If not empty, save MPS to this dir after each sweep.
-
string restart_dir_per_sweep = ""
if not empty, save MPS to this dir with sweep index as suffix, so that MPS from all sweeps will be kept in individual dirs.
-
string restart_dir_optimal_mps = ""
If not empty, save MPS to this dir whenever an optimal solution is reached in one sweep. For DMRG, this is the MPS with the lowest energy. Note that if the best solution from the current sweep is worse than the best solution from the previous sweep (for example in a reverse schedule), the best solution from the current sweep is saved.
-
string restart_dir_optimal_mps_per_sweep = ""

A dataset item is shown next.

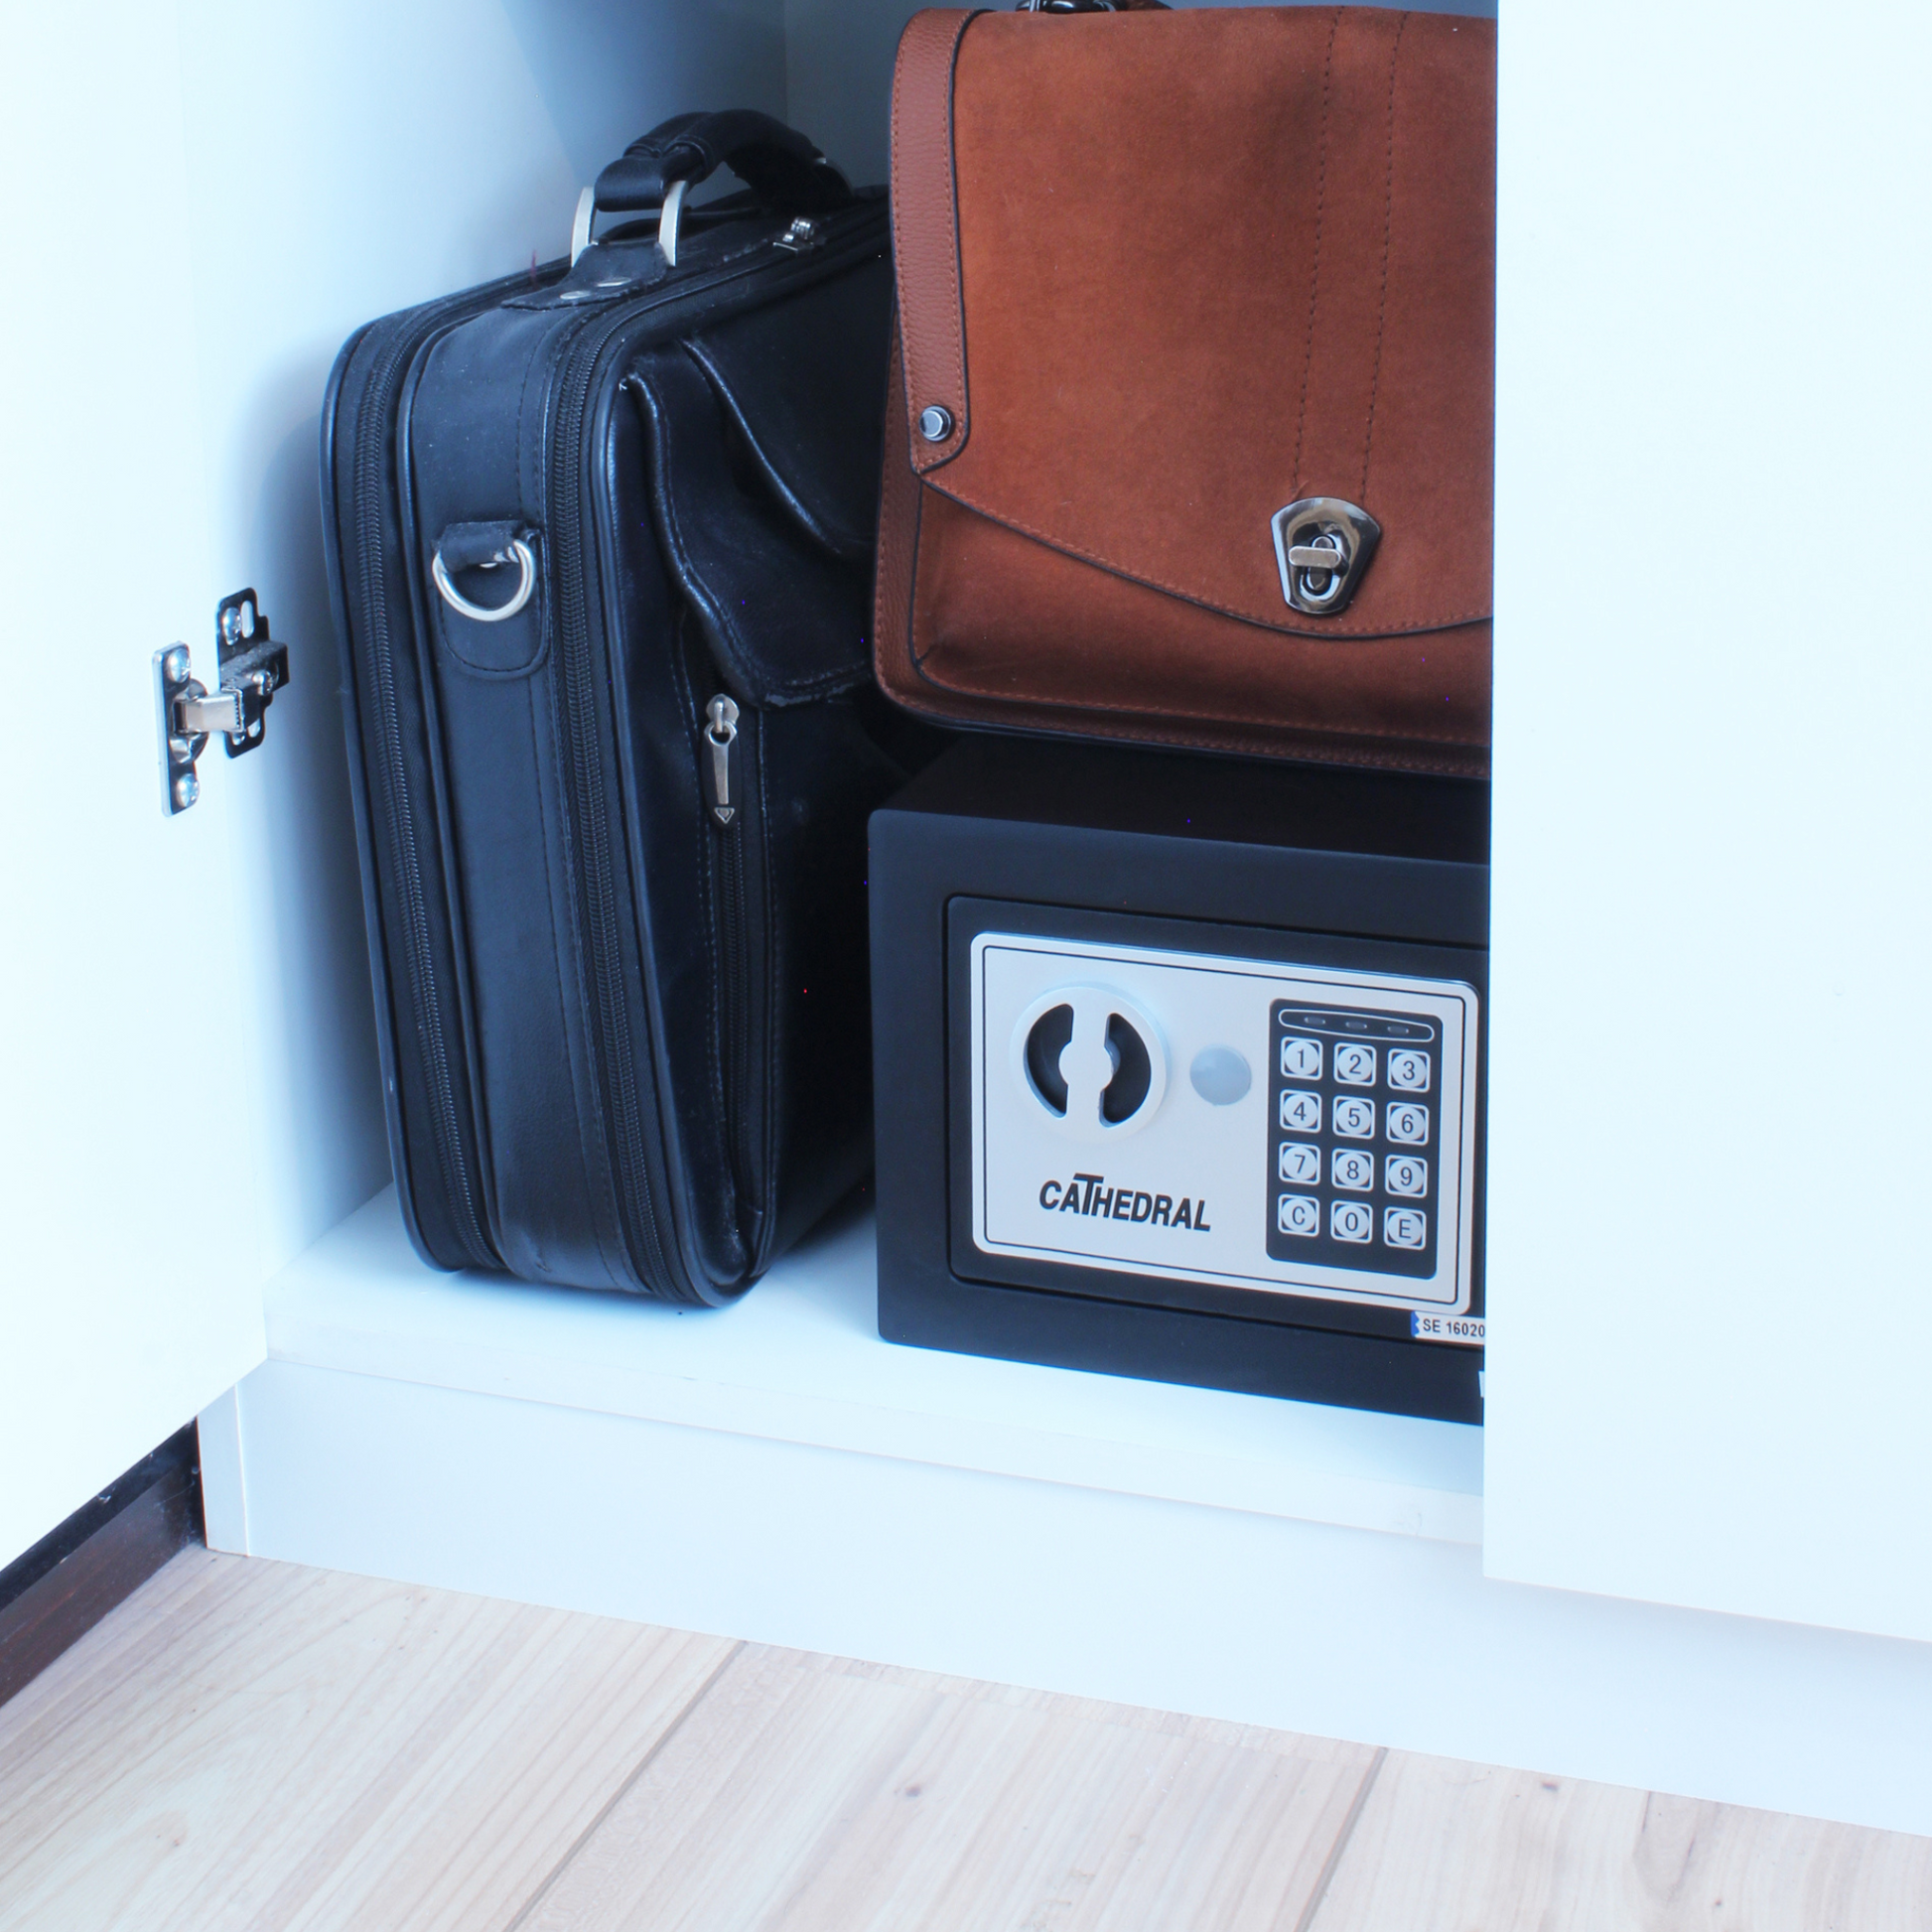 A Cathedral Products EA15 5 Litre Electronic Digital Safe with manual override is neatly tucked in a white cupboard beside a black briefcase and a brown messenger bag, illustrating a practical and discreet home security solution.

If not empty, save the optimal MPS from each sweep to this dir with sweep index as suffix.
-
string prefix = "F"
Filename prefix for common scratch files (such as MPS tensors).
-
string prefix_distri = "F0"
Filename prefix for distributed scratch files (such as renormalized operators). When distributed parallelization is used, different procs will have different values for this data.
-
bool prefix_can_write = true
Whether this proc should be able to write common scratch files (such as MPS tensors).
-
bool partition_can_write = true
Whether this proc should be able to write renormalized operators.
-
size_t isize
Max number of elements in all integer stacks.
-
size_t dsize
Max number of elements in all double stacks.
-
int n_frames
Total number of data frames.
-
int i_frame
The index of Current activated data frame.
-
mutable double tread = 0
IO Time cost for reading scratch files.
-
mutable double twrite = 0
IO Time cost for writing scratch files.
-
mutable double tasync = 0
IO Time cost for async writing scratch files.
-
mutable double fpread = 0
IO Time cost for reading scratch files with floating-point decompression.
-
mutable double fpwrite = 0
IO Time cost for writing scratch files with floating-point compression.
-
mutable Timer _t
Temporary timer.
-
mutable Timer _t2
Auxiliary temporary timer.
-
vector<shared_ptr<StackAllocator<uint32_t>>> iallocs
Integer stacks allocators.
-
vector<shared_ptr<StackAllocator<FL>>> dallocs
Double stacks allocators.
-
mutable vector<size_t> peak_used_memory
Peak used memory by stacks (in Bytes). Even indices are for double stacks. Odd indices are for interger stacks.
-
mutable vector<string> present_filenames
The filename for the current stack memory content for each data frame. Used for tracking loading and saving buffering to avoid loading the same data into memory.
-
mutable vector<pair<string, shared_ptr<stringstream>>> load_buffers
Buffers for loading. Skpping reading a file with certain filename, if the contents of the file with that filename is in the loading buffer.
-
mutable vector<pair<string, shared_ptr<stringstream>>> save_buffers
Buffers for async saving.
-
mutable vector<shared_future<void>> save_futures
Async saving files.
-
bool load_buffering = false
Whether load buffering should be used. If true, memory usage will increase.
-
bool save_buffering = false
Whether async saving and saving buffering should be used. If true, memory usage will increase.
-
bool use_main_stack = true
Whether main stack should be used for storing blocked operators in enlarged blocks. If false, these blocked operators will be stored in dynamically allocated memory.
-
bool minimal_disk_usage = false
Whether temporary renormalized operator files should be deleted as soon as possible. If true, will save roughly half of required storage for renormalized operators.
-
bool minimal_memory_usage = false
Whether MPO should be build in minimal memory mode by saving intermediates to disk. In this mode, MPO should have different tags.
Public Static Functions
Save the data in buffer stream into disk.
- Parameters:
filename – The filename for saving data.
ss – The buffer stream.
tasync – Pointer to the time recorder for async saving.
-
inline DataFrame(size_t isize = 1 << 28, size_t dsize = 1 << 30, const string &save_dir = "node0", double dmain_ratio = 0.7, double imain_ratio = 0.7, int n_frames = 2)
Global variable for accessing global stack memory and file I/O in scratch space.
Miscellanies
-
inline auto block2::check_signal_() -> void (*&)()
Function pointer for signal checking.
-
inline void block2::print_trace()
Print calling stack when an error happens. Not working for non-unix systems.